OpenAI has published 722 mathematical manuscripts produced by an internal model it has not released, a scale that impressed some mathematicians and worried others.

OpenAI Math Papers Release Splits Mathematicians Over Verification
Illustration: Called It

Artificial intelligence has moved from solving single hard problems to producing mathematics in bulk. On Tuesday, October 6, 2026, OpenAI released 722 mathematical manuscripts generated by an internal frontier model it has not made public, putting them all in a GitHub repository. The OpenAI math papers cover hundreds of problems proved or disproved, and the reaction from mathematicians ranges from astonishment to deep scepticism about whether the results have been properly checked.

What happened

According to The Next Web, the 722 manuscripts fall into 372 families of results. The repository says OpenAI gave the model about 4,000 problems during its evaluation, and each result used on average about three hours of ChatGPT Pro thinking compute. The model is the same one behind OpenAI's Navier-Stokes proof last month.

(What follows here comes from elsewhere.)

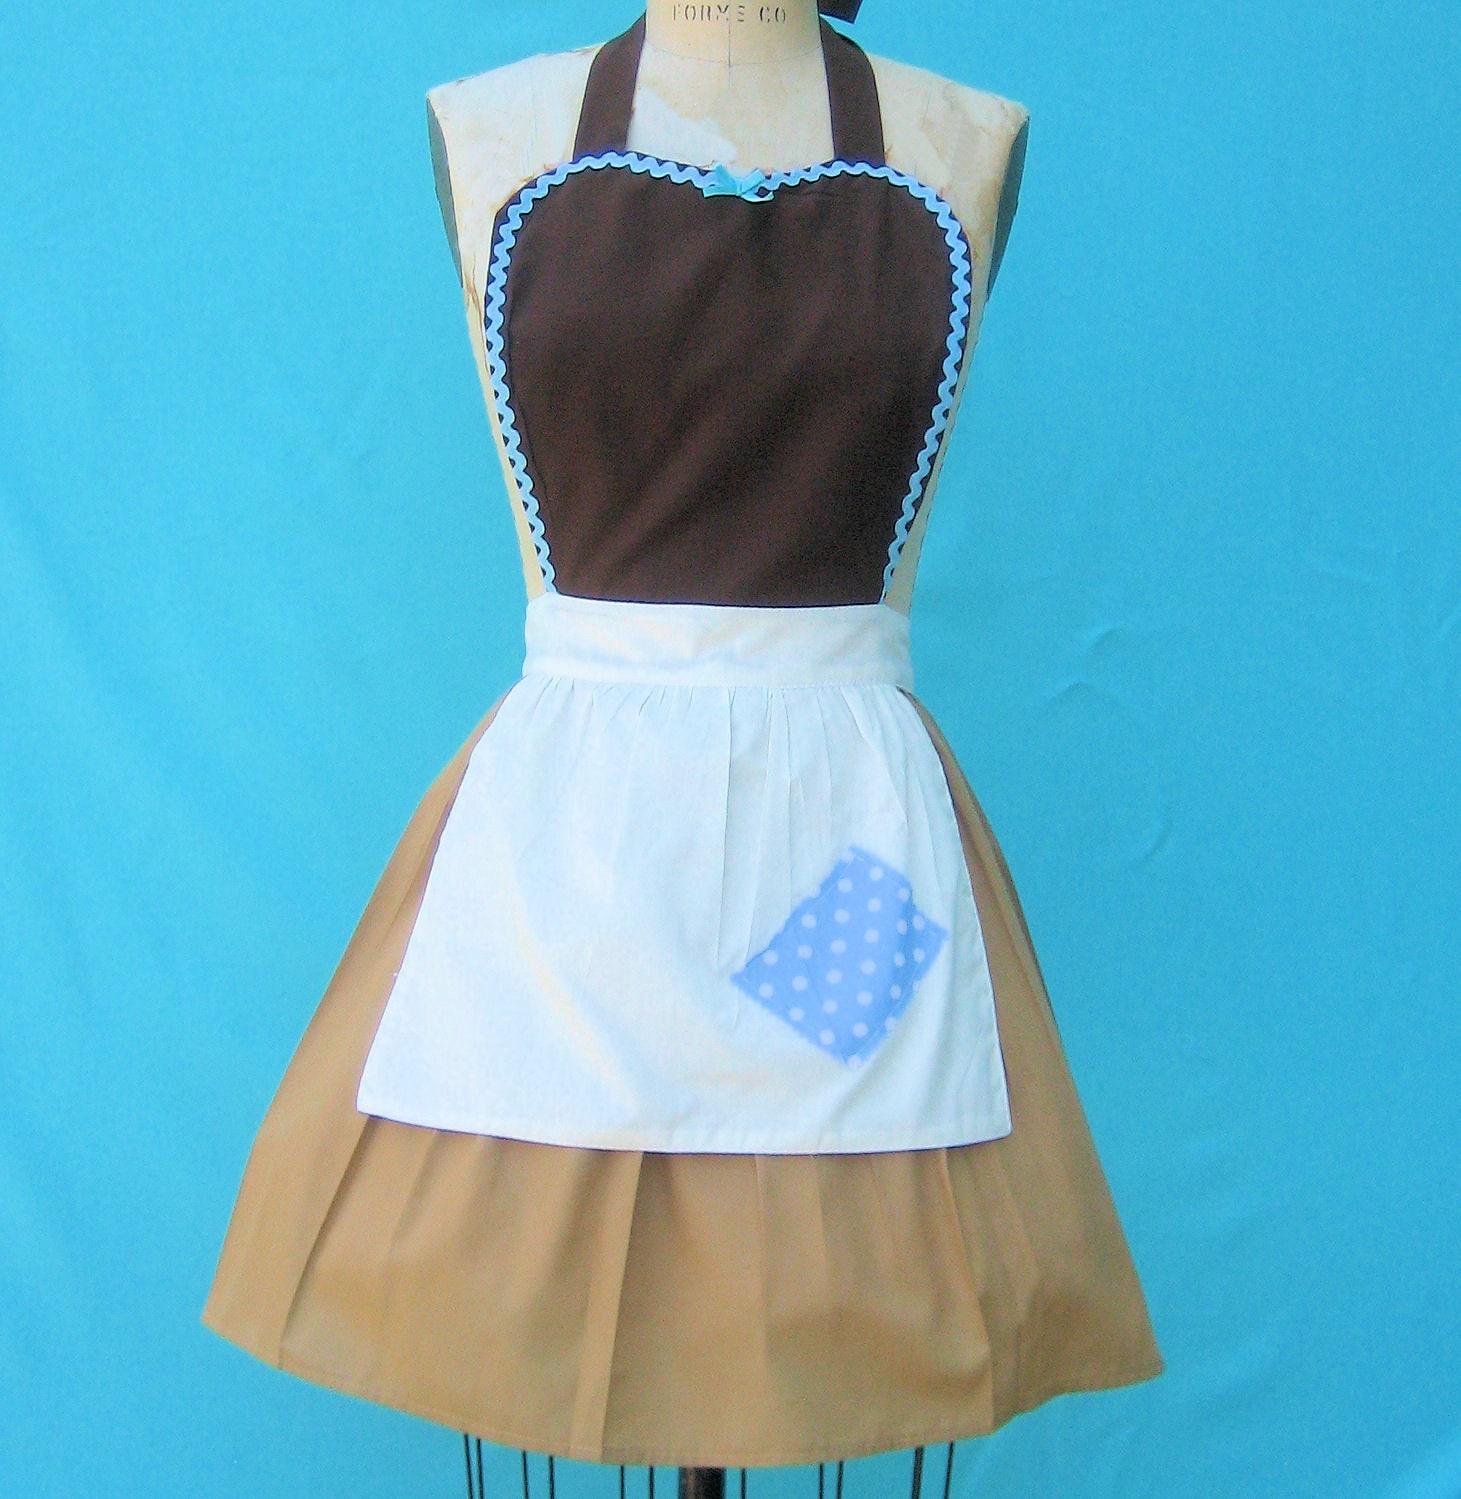 White pinafore apron costume - Cinderella Apron Cinderella Work Apron Princess Apron Womens Full Apron Cinderella Costume Cinderella Dress Up Cosplay Costume

Every earlier version of each paper will stay public, and each has its own citation block, the repository says. Many of the proofs come with formal versions in Lean, a programming language that lets a computer check a proof. Not all do, and OpenAI said some results without a formal version could have issues that it would fix quickly. OpenAI also published ten summaries of the model's reasoning. Two results did not follow the standard procedure: a zero-free region for the Riemann zeta function, whose write-up a human edited for readability, and a proof of the Hodge conjecture for CM abelian varieties.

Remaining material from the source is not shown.